Spectrum Brands, Inc. (SPC)


Last Trade:8.67
Trade Time:Feb 9
Change:Down 1.22 (12.34%)

Shares of Spectrum Brands Inc. slid for their second day Friday amid an analyst downgrade and a credit rating cut due to the battery and personal product maker's disappointing fiscal first-quarter performance.

Early Thursday, the maker of Rayovac batteries said it swung to a quarterly loss due to restructuring charges and increased advertising spending, sending shares down 15 percent by the market close.

Ratings agency Standard & Poor's cut its rating on the company Friday, citing weak operating performance, intense competition in its battery business and higher commodity costs.

The lackluster first quarter prompted Prudential Equity Group analyst Constance Maneaty to lower her rating on the stock to "Underweight" from "Neutral Weight" on deteriorating fundamentals. "The base business results seem to have worsened, and the only growth we are attributing to the business in fiscal year 2008 is cost savings," she said.

Although Spectrum is planning a sale of its lawn and garden division, Maneaty said the divestiture will not give enough of a boost to the company's balance sheet. The analyst said she is looking for Spectrum to start the process of selling a second asset, possibly its battery business, during this fiscal year.

Deutsche Bank analyst Bill Schmitz Jr., however, said he thinks the market's reaction to the company's first quarter results is "overdone" and that shedding assets could help put Spectrum back on the right track.

"While outlook for 2007 is bleak and it will clearly be a rebuilding year, we believe there is still a solid opportunity to downsize the business (and) drive ongoing restructuring savings as assets are shuttered," Schmitz said in a note to investors.

Spectrum shares fell 87 cents, or 8.8 percent, to $9.02 in heavy afternoon trading on the New York Stock Exchange.


Energy Conversion Devices, Inc. (ENER)


Last Trade:29.65
Trade Time:Feb 9
Change:Down 5.85 (16.48%)

Energy Conversion Devices Inc., which makes rechargeable batteries and thin-film materials used in solar-powered devices, said on Thursday its second-quarter loss narrowed, but revenue fell 5 percent, missing Wall Street forecasts.

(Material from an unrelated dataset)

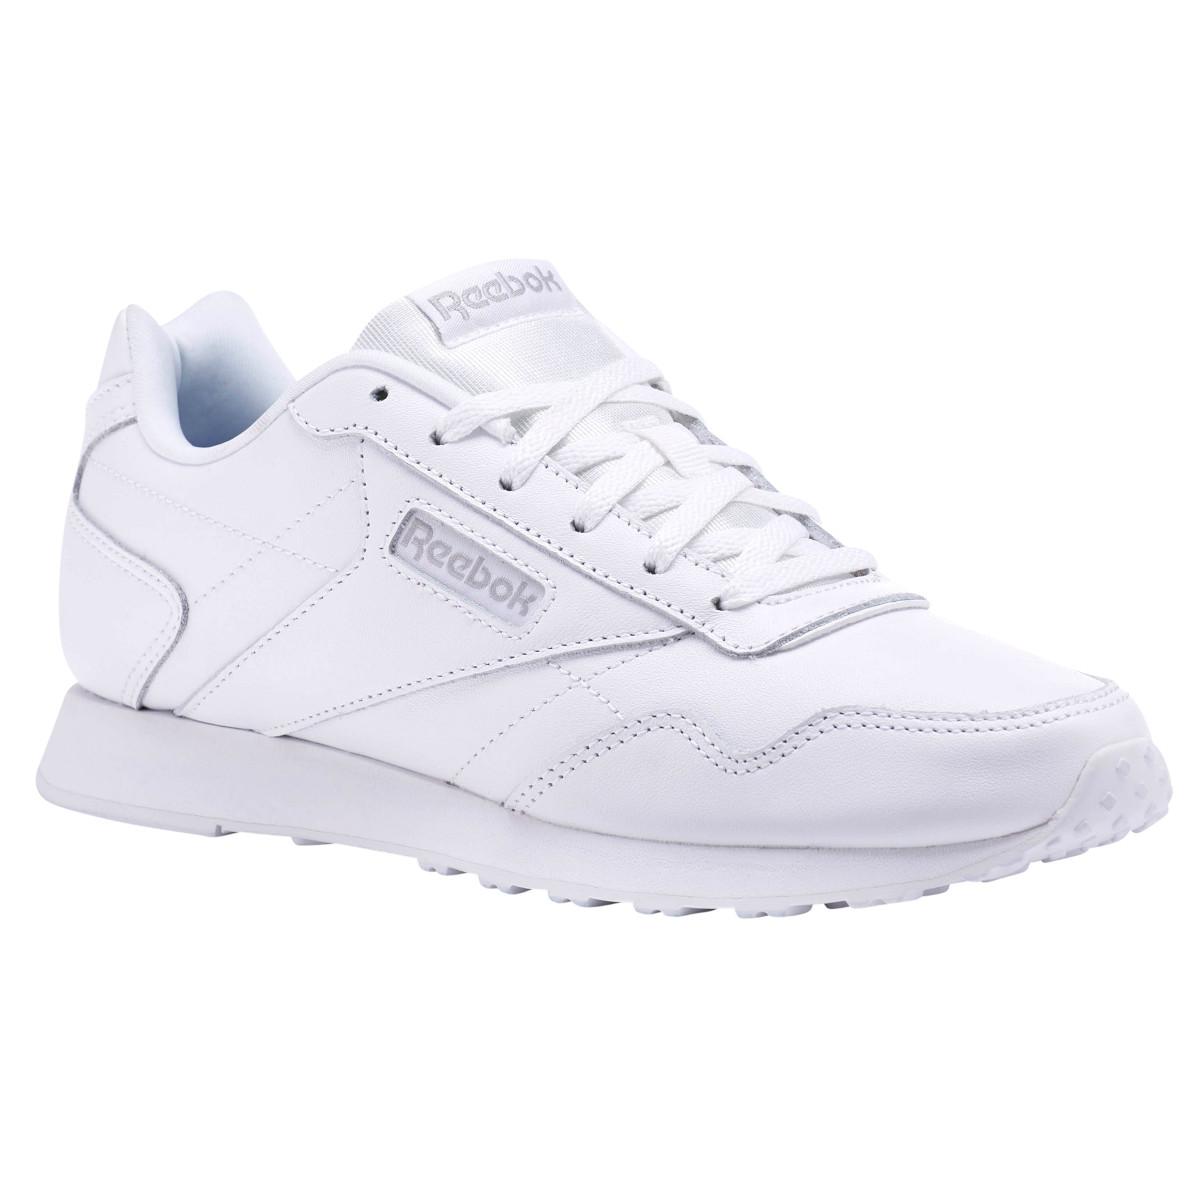 Reebok Women Royal Glide LX Sneaker - white/steel CN2142

The company also said it does not think it will reach sustained profitability in fiscal 2007.

Energy Conversion reported a quarterly loss of $2.9 million, or 7 cents per share, compared with a loss of $5.7 million, or 19 cents per share during the 2005 period.

Revenue fell 5 percent to $22.9 million from $24.3 million.

Analysts polled by Thomson Financial forecast a loss of 6 cents per share on revenue of $32.6 million.

Revenue from the company's United Solar Ovonic subsidiary fell to $19.2 million from $21.7 million during the same period a year earlier. The company said costs related to production capacity ramp up at a new manufacturing facility pinched gross profit margins at United Solar during the quarter to 16 percent from 21.2 percent.

The company also said it no longer expects to achieve sustainable profitability by the end of fiscal 2007, as previously projected. Energy Conversion Devices Chairman and Chief Executive Robert C. Stempel cited delays in securing additional funding for its emerging technologies. Stempel added that the company would pursue funding and restructuring alternatives to achieve its goal in the near term.